Google DeepMind’s RT-2 and NVIDIA’s Cosmos platform are state-of-the-art LAMs.
Large Reasoning Models
To enable the transition to Level 5 (Autonomous Learning), agents need specialized cognitive structures provided by Large Reasoning Models. LRMs provide the cognitive component powering LAMs. They have been architecturally structured and specially trained for deliberation rather than general conversation.
They utilize formal deliberation techniques such as Tree-of-Thought (ToT) search, allowing the model to explore multiple potential solutions, evaluate their logic, and select the safest, most robust path. LRMs are engineered to move beyond pattern-matching (situational adaptation) to abstract deduction, enabling an agent to act effectively in novel situations, which is the defining characteristic of Level 5 autonomy.
The Language of Coordination
Using natural language for inter-agent communication in multi-agent systems is ineffective. Natural language is too slow and ambiguous. Inter-agent communication must prioritize efficiency and precision. Instead, agents must communicate using standardized data structures that explicitly articulate the message’s intent and content, replacing verbose text with high-bandwidth, structured exchange.

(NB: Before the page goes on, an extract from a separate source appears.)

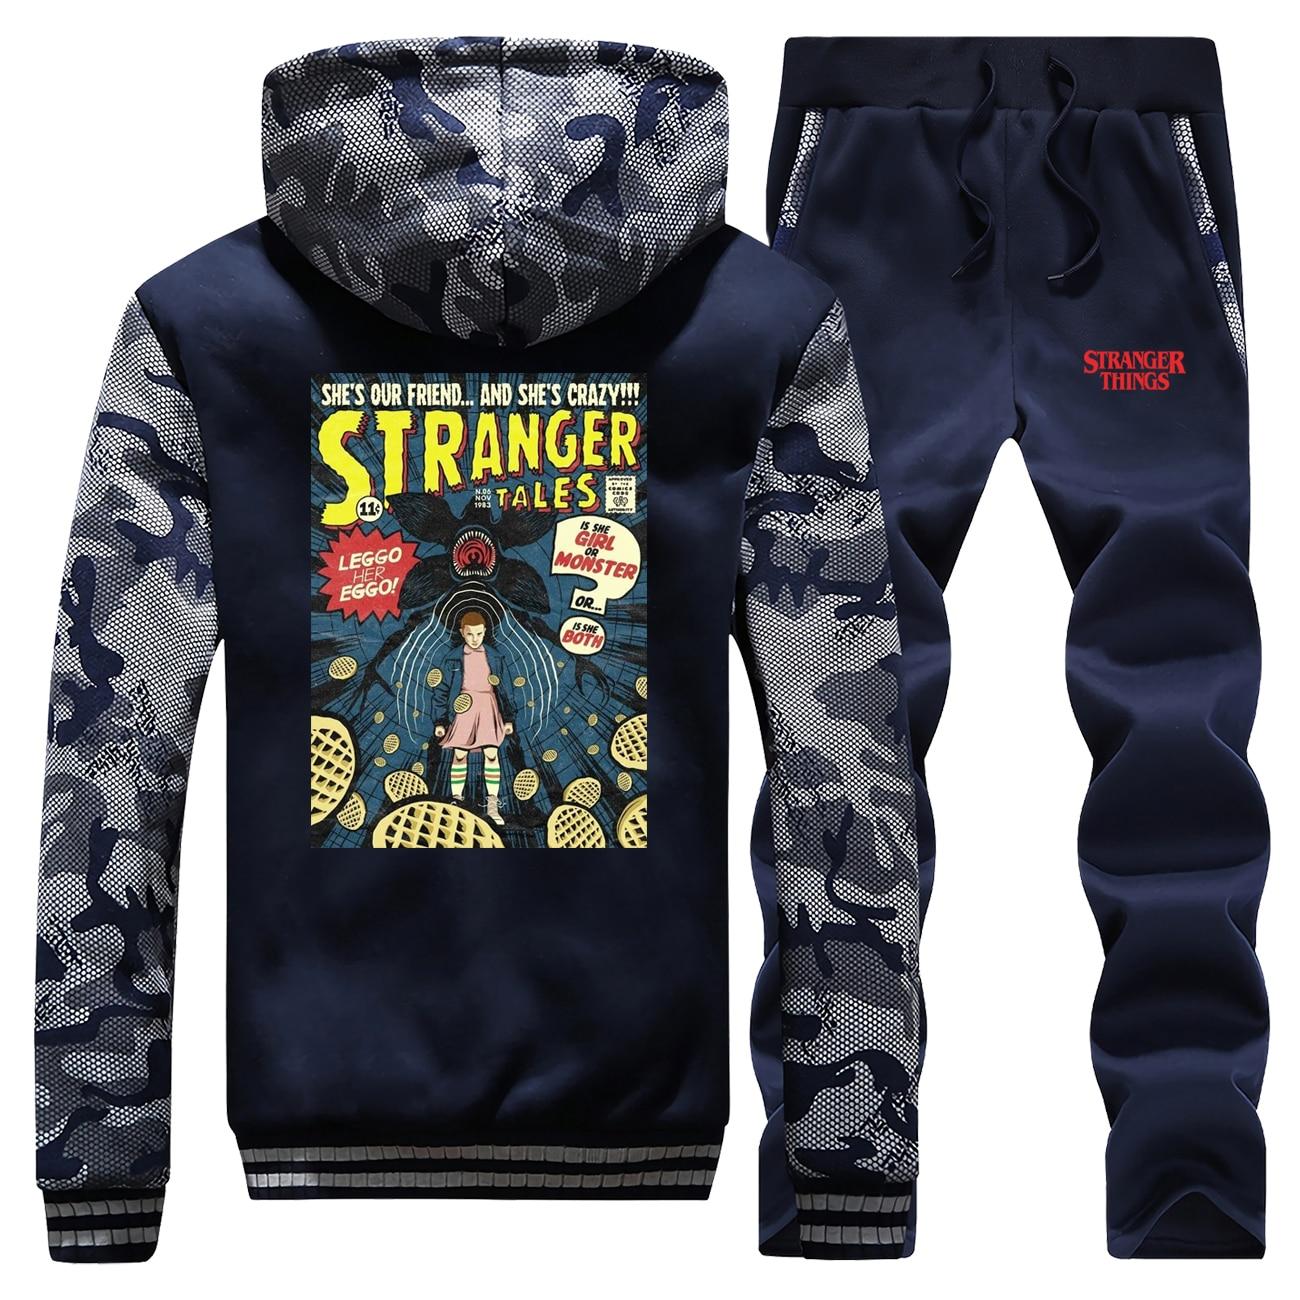 Stranger Things Tracksuits Jacket Pant Men Sportsuits Terror TV Show Hoodies Sweatpant Sets Suit 2 PCS Militray Coat Sportswear

Agent Communication Languages (ACLs), such as KQML and FIPA, require that every message must contain an intent and a structured content payload. Agents exchange formal commands like (REQUEST :sender SchedulingAgent :content check_part_availability), which is unambiguous and instantly machine-readable.
The structured messages are governed by protocols that enforce reliability and security, enabling agents to coordinate. The Agent-to-Agent (A2A) Protocol standardizes the secure and reliable transfer of structured messages between agents. This is a necessity for Level 4 and 6 multi-agent systems. In such systems, agents from different enterprise applications, e.g., the Maintenance Agent and the ERP Ordering Agent, must collaborate seamlessly and maintain context across long-running workflows. The Model Context Protocol (MCP) standardizes the “model-to-tool” interaction. It ensures that an agent always supplies its underlying model with the necessary tools, memory, and grounded context. This results in reliable responses. MCP helps guarantee the stability and non-hallucination of the reasoning process.

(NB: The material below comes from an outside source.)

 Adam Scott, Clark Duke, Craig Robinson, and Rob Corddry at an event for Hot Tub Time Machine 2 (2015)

Bridging LLMs and LAMs in Enterprise AI
Conversation-centric LLMs will continue to facilitate human-agent interaction, while LRMs/LAMs will handle planning and execution. Enterprises are experimenting with this paradigm in areas such as customer service automation, industrial maintenance, and digital operations. Over time, this integration could evolve toward agent-centric foundation models that incorporate conversational, perceptual, and operational intelligence. Such models would be capable of reasoning about both language and action within the same semantic framework. They would enable autonomous collaboration, long-term memory, and adaptive decision-making in dynamic enterprise environments.
As Professor Gary Marcus recently argued, the future of AI lies in specialized systems that integrate multiple forms of reasoning rather than relying on monolithic general-purpose models. Agent-centric foundation models embody precisely this vision. They move beyond general language understanding toward contextual, action-oriented intelligence to make consequential decisions.
Looking Ahead
Enterprises will transition from today’s AI-enhanced monolithic applications to AI-first multi-agent systems that will utilize agent-centric models. The emergence of agent-centric models signals the emergence of cognitive infrastructures in the enterprise. These infrastructures will integrate various model types (LLM, LRM, LAM) with neurosymbolic reasoning components and formal communication protocols (A2A, MCP). Enterprises that succeed in this transition will understand and respond to their customers’ and users’ intents accurately, efficiently, and safely.